Berbagai perjuangan rakyat Sukoharjo untuk menutup PT. RUM hingga berujung kriminalisasi terhadap pejuang lingkungan berawal dari masalah pencemaran limbah (baik udara maupun air) yang dihasilkan oleh PT. RUM menyebar di pemukiman dan sungai warga. Serangkaian aksi demonstrasi berulang-ulang kali dilakukan sejak akhir tahun 2017 hingga saat ini. Namun hasil demi hasil kesepakatan yang telah terlahir dari berbagai aksi demonstrasi tidak serta merta dapat menghentikan korporasi besar ini. PT. RUM masih tetap becokol dan menyebar racun di lingkungan masyarakat Sukoharjo.
Hukum memang tajam ke bawah dan tumpul ke atas, dan memang disengaja oleh para penguasa untuk menumpulkan hukum bagi segelintir orang yang memiliki modal berlebih di bidang ekonomi demi melipatgandakan keuntungan. Negara dengan berbagai alat represifnya kerap berpihak kepada kelas yang memiliki modal berlebih. Di saat PT. RUM melancarkan kegiatannya, yang mengakibatkan kerugian besar bagi war sekitar, di mata penguasa seolah tidak ada apa-apa. Namun jika rakyat mengekspresikan kemarahannya dan menuntut hak-hak nya yang direnggut, negara dan alat represifnya memperlakukan warga bak virus mematikan yang harus ditumpas habis.

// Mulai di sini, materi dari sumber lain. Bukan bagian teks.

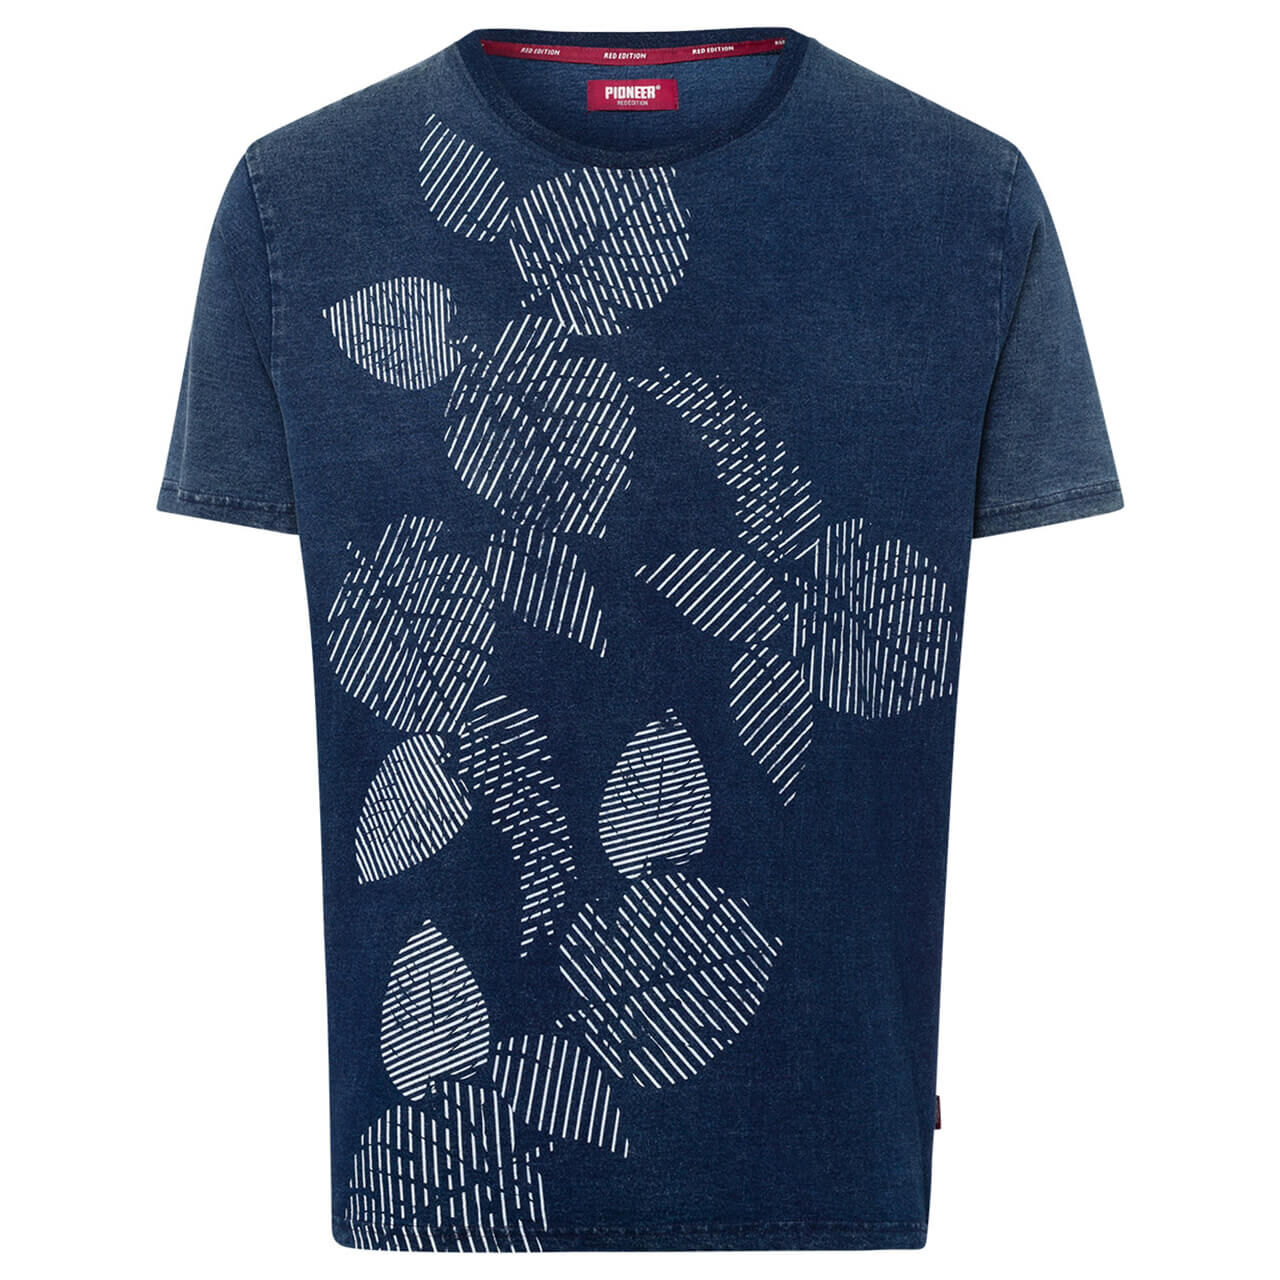 Pioneer T-Shirt für Herren in Dunkelblau mit Print, FarbNr.: 6864

Oleh karena itu, berkaca dari pengalaman-pengalaman sebelumnya, dimana kemenangan-kemenangan kecil berhasil kita raih dengan bersatunya unsur solidaritas dan warga Sukoharjo dalam melawan PT. RUM beserta kroni-kroninya, kami, Aliansi Sukoharjo Melawan Racun (SAMAR) kembali mengajak seluruh unsur solidaritas dan warga Sukoharjo yang selama ini ditindas oleh PT. RUM untuk kembali mengkonsolidasikan diri, menyiapkan perlawanan, lalu menyerang untuk melumpuhkan musuh (PT. RUM) sampai setuntas-tuntasnya.

“Kemenangan bagi orang-orang tertindas hanya akan datang jika sesama rakyat tertindas di seluruh dunia bersatu padu saling bergandengan tangan melawan musuh-musuhnya”

Panjang Umur Persatuan Rakyat
Kami tunggu kehadiran kalian di barisan perlawanan!